The results of the comparative study are not straightforward (I find). Let us consider a few hypotheses. One hypothesis goes as follows. Sound localization acuity is directly related to the temporal precision of firing of auditory nerve fibers. If this precision is similar for all mammals, then this should correspond to a constant ITD threshold. In terms of angular threshold, sound localization acuity should then be inversely proportional to the largest ITD, and to head size. The same reasoning would go for intensity differences. Philosophically speaking, this corresponds to the classical information-processing view of perception: there is information about sound direction in the ITD, as reflected in the relative timing of spikes, and so sound direction can be estimated with a precision that is directly related to the temporal precision of neural firing. As I have argued many times in this blog, the flaw in the information-processing view is that information is defined with respect to an external reference (sound direction), which is accessible for an external observer. Nothing in the spikes themselves is about space: why would a difference in timing between two specific neurons produce a percept of space? It turns out that, of all the quantities the authors looked at, largest ITD is actually the worst predictor of sound localization acuity.
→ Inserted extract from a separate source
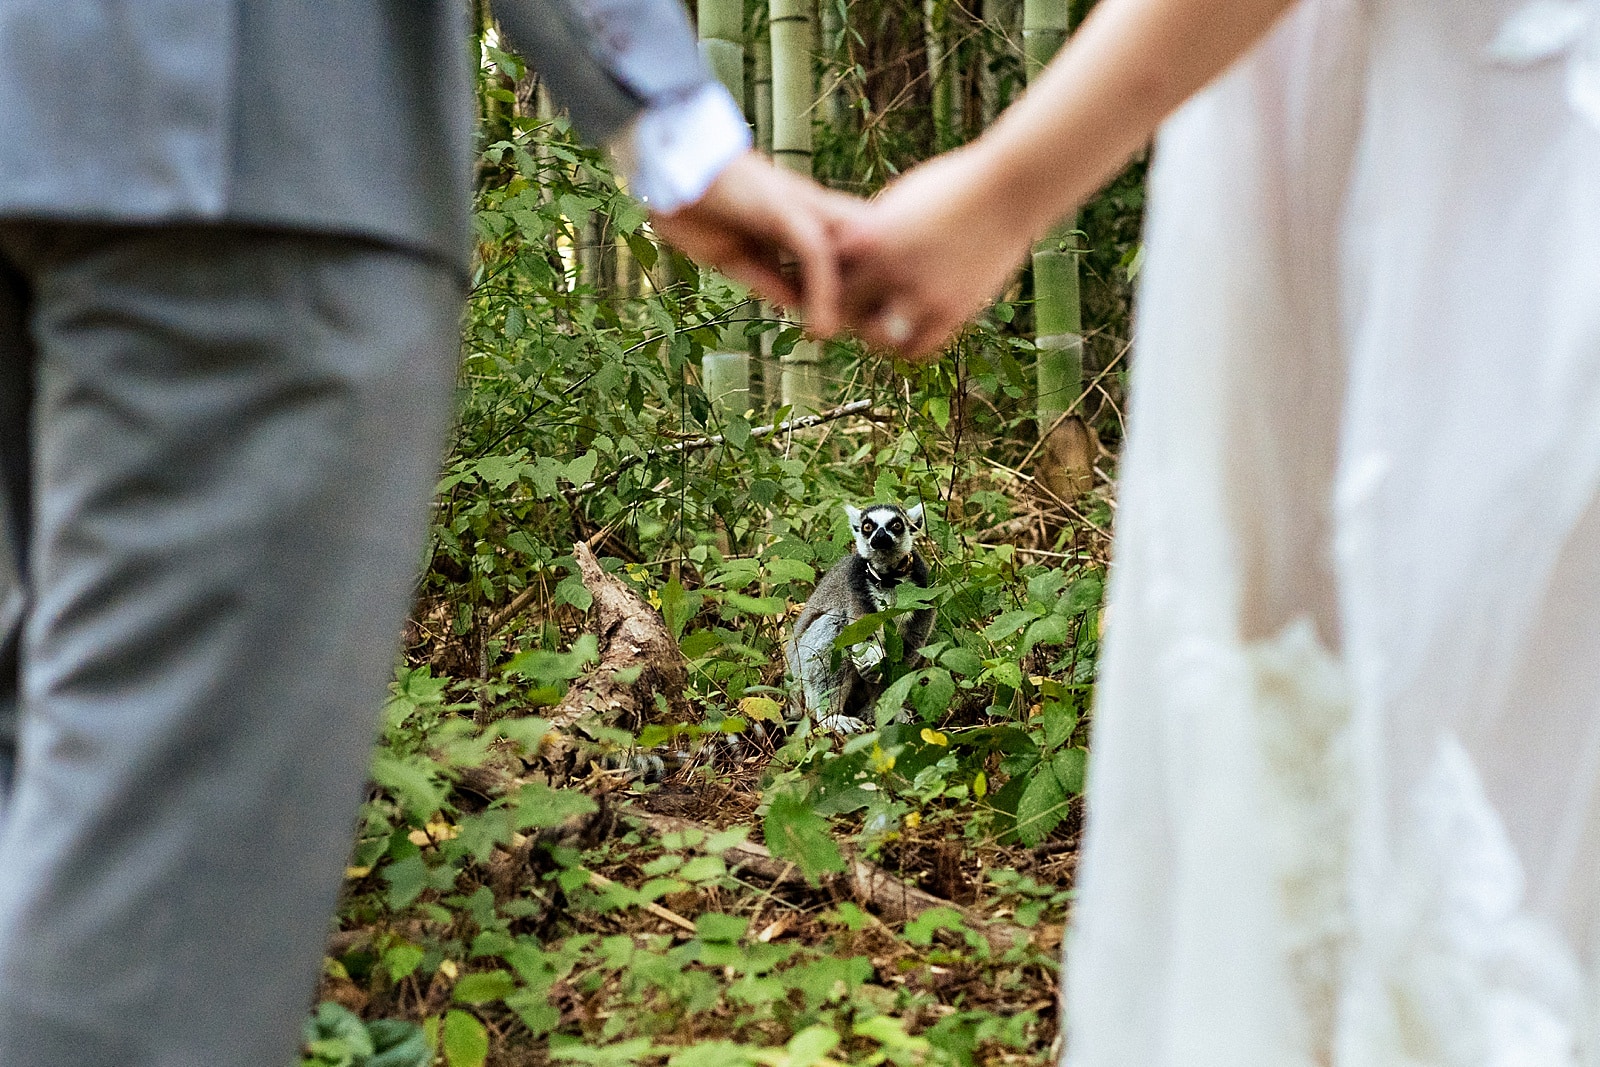 Duke Lemur Center wedding - one of the most unique wedding ideas!

Once the effect of best field of vision is removed, it is essentially uncorrelated (Fig. 8).
A second hypothesis goes as follows. The auditory system can estimate the ITD of sounds, but to interpret this ITD as the angle of the sound source requires calibration (learning), and this calibration requires vision. Therefore, sound localization acuity is directly determined by visual acuity. At first sight, this could be compatible with the information processing view of perception. However, the sound localization threshold is determined in a left/right localization task near the midline, and in fact this task does not require calibration. Indeed, one only needs to know which of the two ITDs is larger. Therefore, in the information-processing view, sound localization acuity should still be related to the temporal precision of neural “coding”. To make this hypothesis compatible with the information-processing view requires an additional evolutionary argument, which goes as follows. The sound localization system is optimized for a different task, absolute (not relative) localization, which requires calibration with vision. Therefore the temporal precision of neural firing, or of the binaural system, should match the required precision for that task. The authors find again that, once the effect of best field of vision is removed, visual acuity is essentially uncorrelated with sound localization acuity (Fig. 8).
Another evolutionary hypothesis could be that sound localization acuity is tuned for the particular needs of the animal. So a predator, like a cat, would need a very accurate sound localization system to be able to find a prey that is hiding. A prey would probably not require such high accuracy to be able to escape from a predator. An animal that is neither a prey nor a predator, like an elephant, would also not need high accuracy. It turns out that the elephant has one of the lowest localization thresholds in all mammals. Again there is no significant correlation once the best field of vision is factored out.
In this study, it appears rather clearly that the single quantity that best predicts sound localization acuity is the width of the best field of vision. First of all, this goes against the common view of the interaction between vision and hearing. According to this view, the visual system localizes the sound source, and this estimation is used to calibrate the sound localization system. If this were right, we would rather expect that localization acuity corresponds to visual acuity.
In terms of function, the results suggest that sound localization is used by animals to move their eyes so that the source is in the field of best vision. There are different ways to interpret this. The authors seem to follow the information-processing view, with the evolutionary twist: sound localization acuity reflects the precision of the auditory system, but that precision is adapted for the function of sound localization. One difficulty with this interpretation is that the auditory system is also involved in many other tasks that are unrelated to sound localization, such as sound identification. Therefore, only the precision of the sound localization system should be tuned to the difficulty of the task, for example the size of the medial superior olive, which is involved in the processing of ITDs. However, when thinking of intensity rather than timing differences, this view seems to imply that the precision of encoding of monaural intensities should be tuned to the difficulty of the binaural task.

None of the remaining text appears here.